We've watched the hated one win two championships.  We've seen other division foes go to the Fall Classic while we watch it all.  The Gnats (four times), Padres (twice), D-Backs and Rockies (once each).  Three World Championships by those division opponents and we never even scratched the surface of a fall classic.

The 1981 World Series Championship was 33 years ago.

We see our ball club bullied out of a championship by bean balls (see Cardninals in 2013 and Phillies in 2009) while we sat back meekly and didn't even attempt to retaliate.  We watched Dodgers such as Chris Gwynn, Ramon Martinez, Corky Guerrero and Mike Maddux labor in Dodger uniforms while their more famous brothers excelled for the likes of the Padres, Expos, Red Sox and Braves.

Being a Dodger fan hasn't been easy.  We've had our share of miracles, but not World Series miracles.  Heck, if it wasn't for the Cubs, we'd be the laughing stock of the National League.

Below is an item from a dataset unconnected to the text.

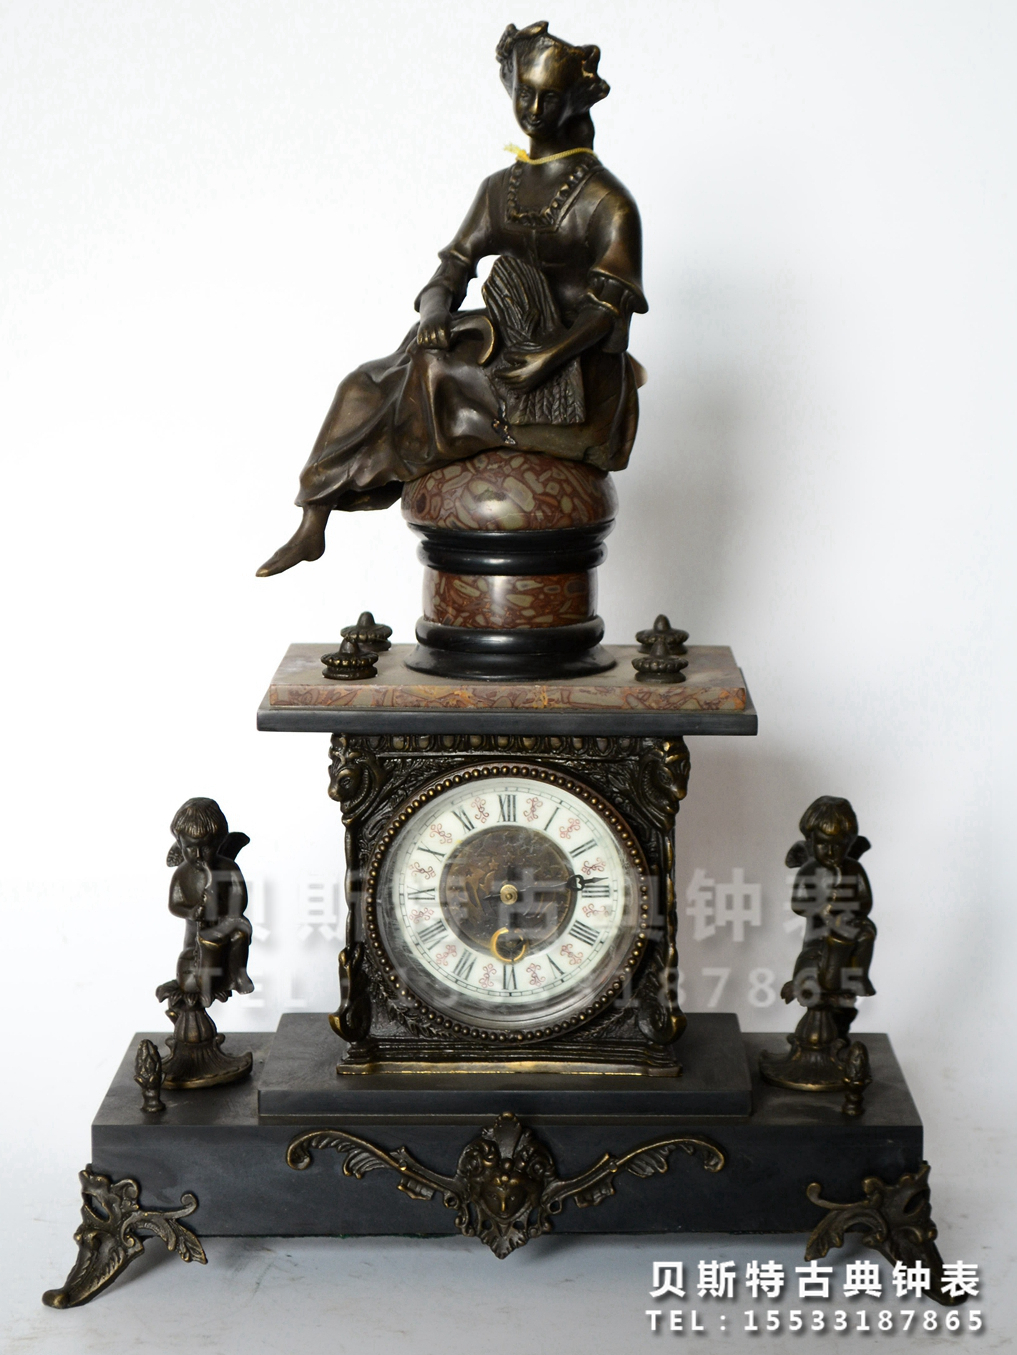 老式上弦理石铜铸座钟|机械静音钟表|仿古西洋家居装饰客厅挂钟
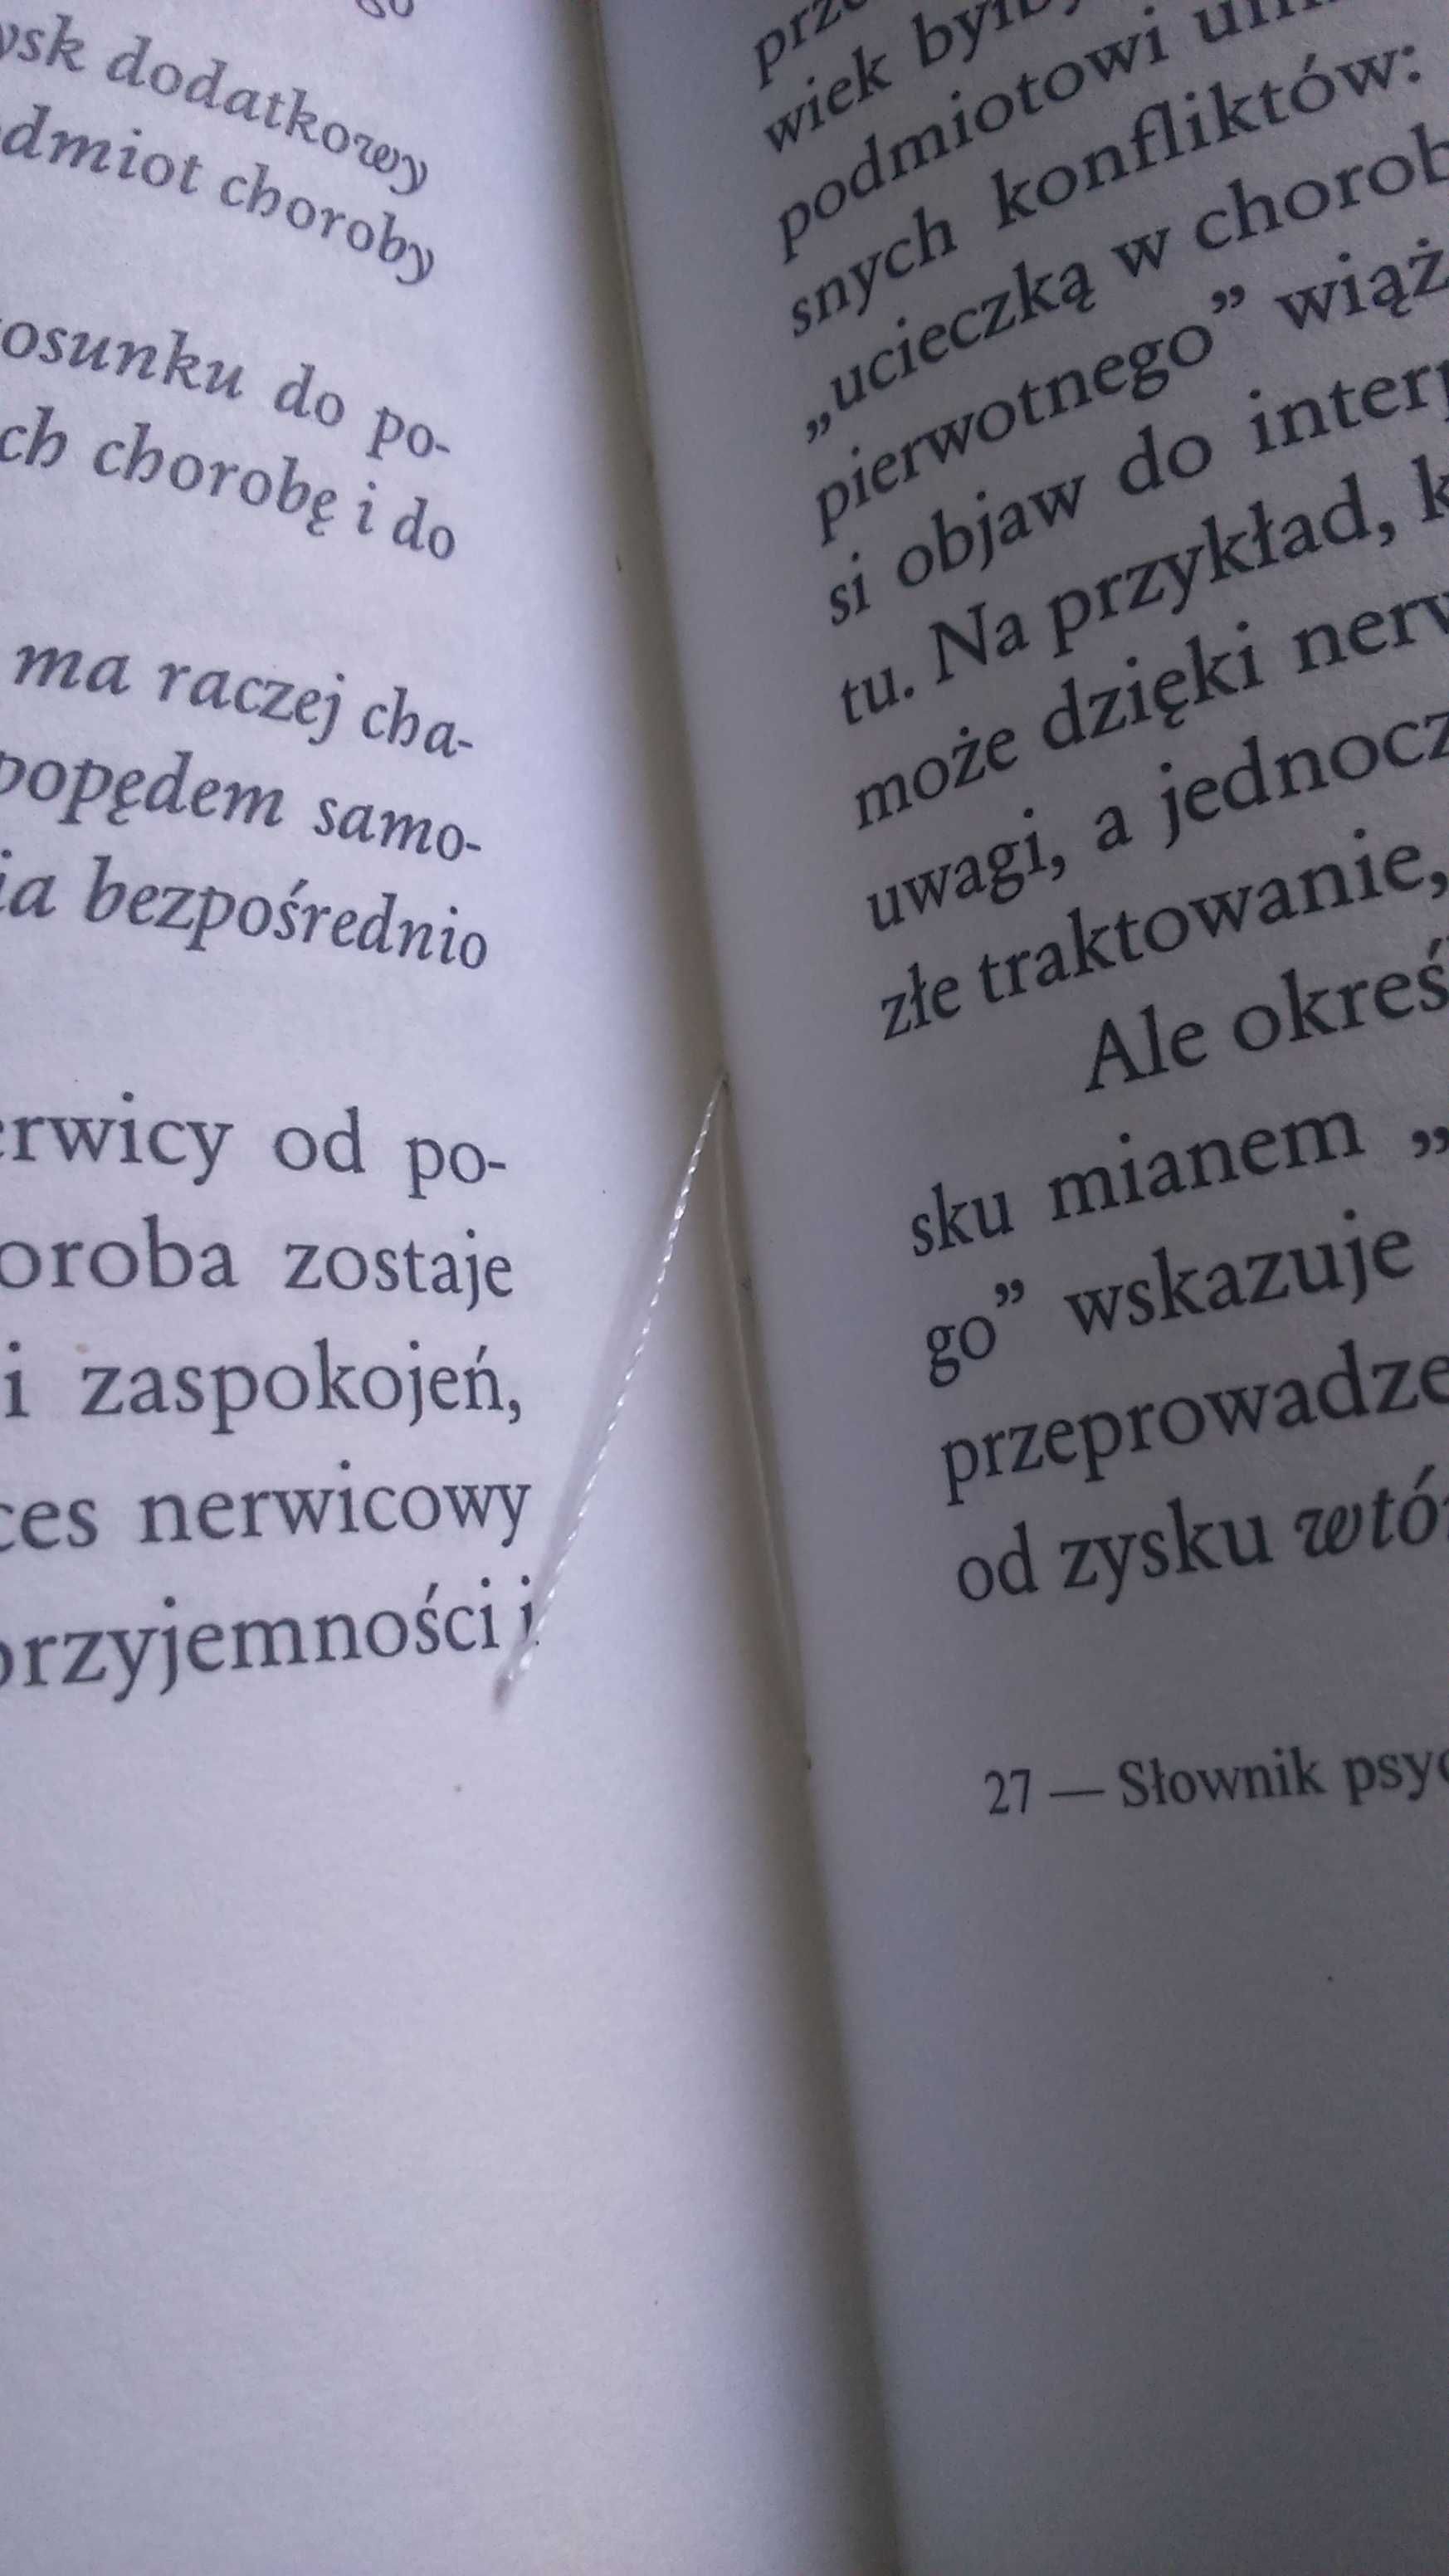 Słownik psychoanalizy / Laplanche Pontalis / Wyd. pierwsze / WSiP 1996

So the time is now.  Second place won't suffice.  A National League pennant isn't enough, (though it'd be a start).  Truth is, they've got to win the whole thing. Kershaw and Greinke must dominate.  Puig, AGon, Hanley and Kemp...they've got to tear the cover off the ball.  Dee...how about stealing every bag you see.  Jansen...relief corps domination is needed now.  NOW IS THE TIME FOR DODGER BASEBALL!!!  It's the playoffs.  They've got to bring it and show the world that the Dodger way must dominate again.  This patient lot of millions certainly deserves it more than any fan base watching the playoffs right now.